Penn Flutes Performs on Campus and in Community

The unlikely sound of flutes filled the rotunda of the University of Pennsylvania Museum of Anthropology and Archaeology on a recent Friday, drawing visitors to the live concert by Penn students. 

The group of a dozen musicians, who perform these “pop up” concerts several times throughout the year, is just a fraction of the flutists in Penn Flutes, now in its 15th year, organized through the Music Department in the School of Arts and Sciences.

Penn Flutes includes more than 40 musicians, mostly undergraduate students who receive a half course credit for being part of the ensemble, plus Penn staff, graduate students and alumni, and even community members. The entire ensemble performs two formal concerts a year; the spring concert is scheduled for 2 p.m. on Sunday, April 23, at Houston Hall.


Michele Kelly, the director of Penn Flutes, put the first ensemble together in 2002, playing a performance at a “Nutcracker” tea with eight students. 

“I don’t have auditions.
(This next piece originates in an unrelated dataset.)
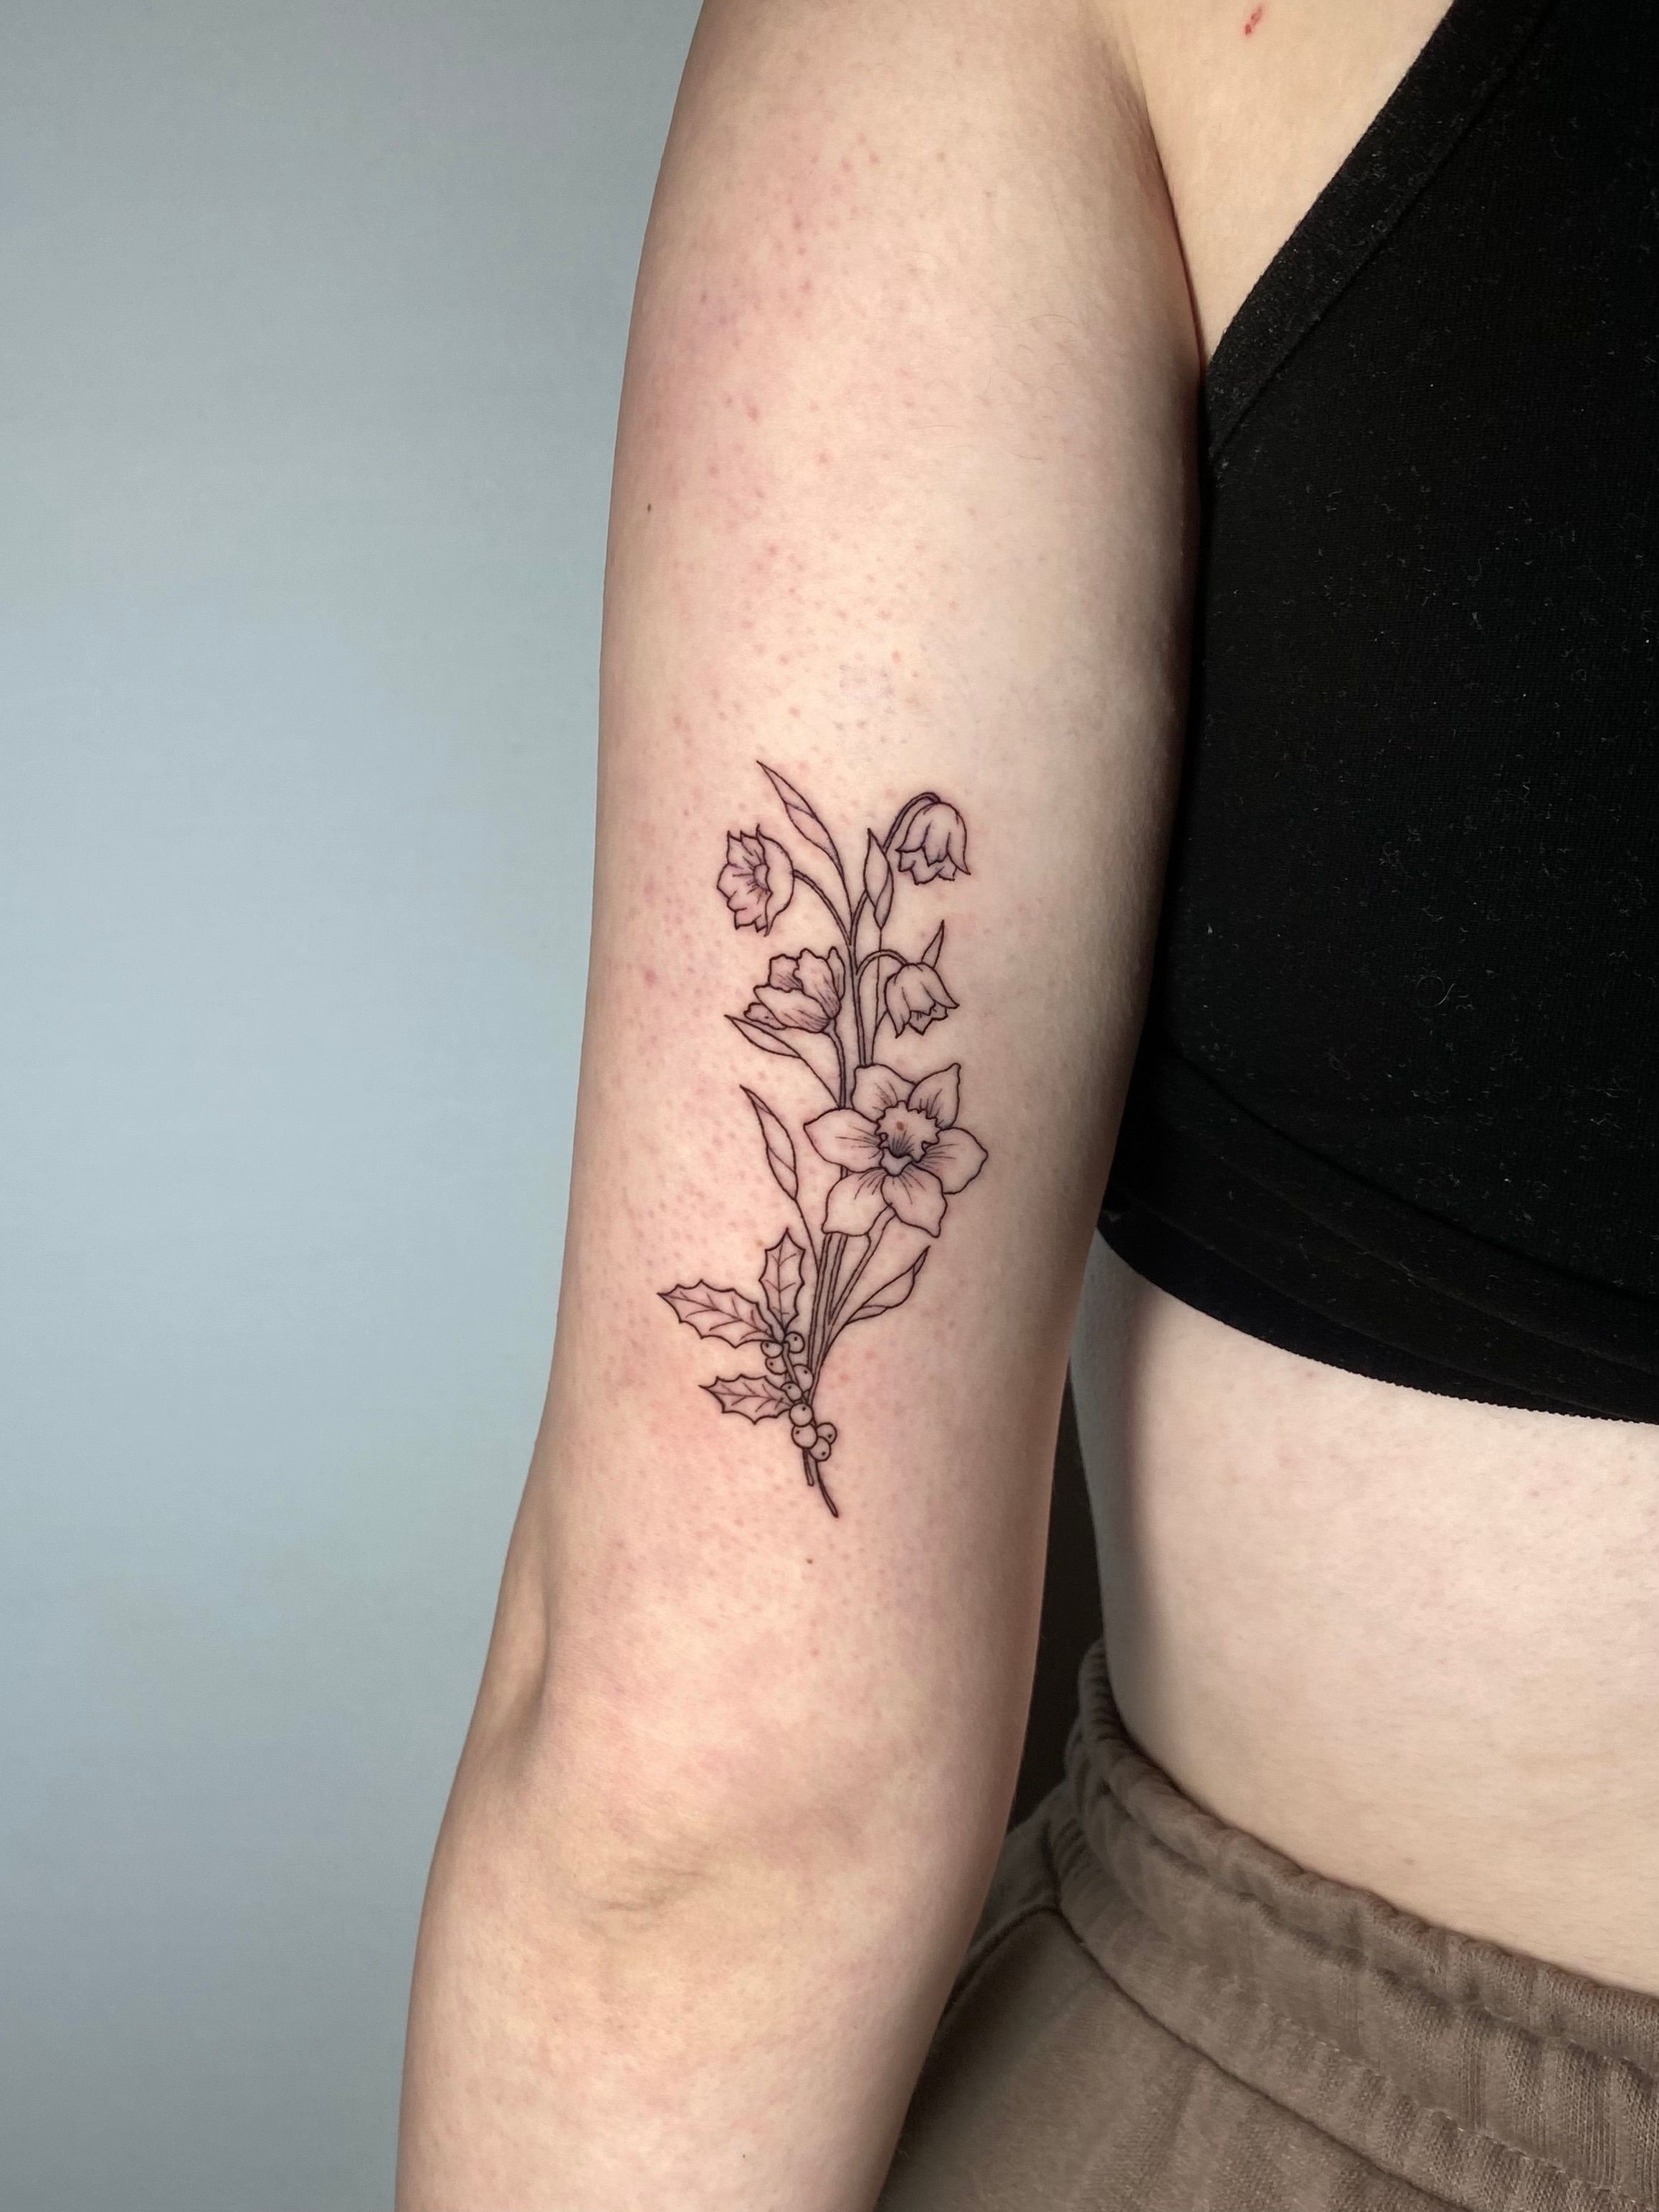 Family Birth Flower Bouquet Tattoo - Birth Flower Tattoo 1 by Birth Flower  Tattoo on Dribbble

I open it up to everyone who can contribute,” says Kelly, who teaches lessons and master’s classes through Penn’s College House music program. 

Most of the students are not music majors, or even minors. 

“They are studying other things, medicine, business, math, engineering. Flute for them is a hobby,” Kelly said. “At the same time, a lot of them are really talented.”

Lavi Ben Dor, one of the group’s student managers, is a junior pursuing a dual degree in math and finance/marketing. While growing up in Wayne, Pa., he was in the band at Conestoga High School and took flute lessons from Kelly, who encouraged him to join Penn Flutes.

“I’ve just always loved playing the flute,” he said. “It’s great getting into a different head space, focusing on the music, playing with the group, appreciating the musicality of the flute. It’s a totally different experience than what it is like in my classes.”

The entire ensemble practices every other Saturday for two hours, and the smaller group of about a dozen performers, called the “library” ensemble, practices every Friday. 


The library ensemble plays at least four “pop up” concerts a year, like the one at the Penn Museum’s Chinese Rotunda in February, and another, featuring the Ukrainian Bell Carol, performed in the Museum’s Pepper Hall in December. 

The library ensemble also performs in the community. In a partnership with the Pennsylvania Ballet, they play holiday selections during a tea for families with the Sugar Plum Fairy. And Kelly recently formed a partnership with PlayArts in the Philadelphia neighborhood of Fishtown. They performed for the children there for the first time in March, during an “animal picnic.”​​​​​​​

​​​​​​​Sirmina Dremsizova, a senior mathematical economics major from Cary, N.C., said she enjoyed playing for the groups of children: “The kids were adorable. We had them guess what animals we were playing like.” 

Both Ben Dor and Dremsizova said they have made friends through Penn Flutes with people they otherwise probably would not have met. 

“It’s such a close community,” Ben Dor said. “Even though a lot of us come from different backgrounds and have different majors, we have a shared interest in the flute and appreciation for music.”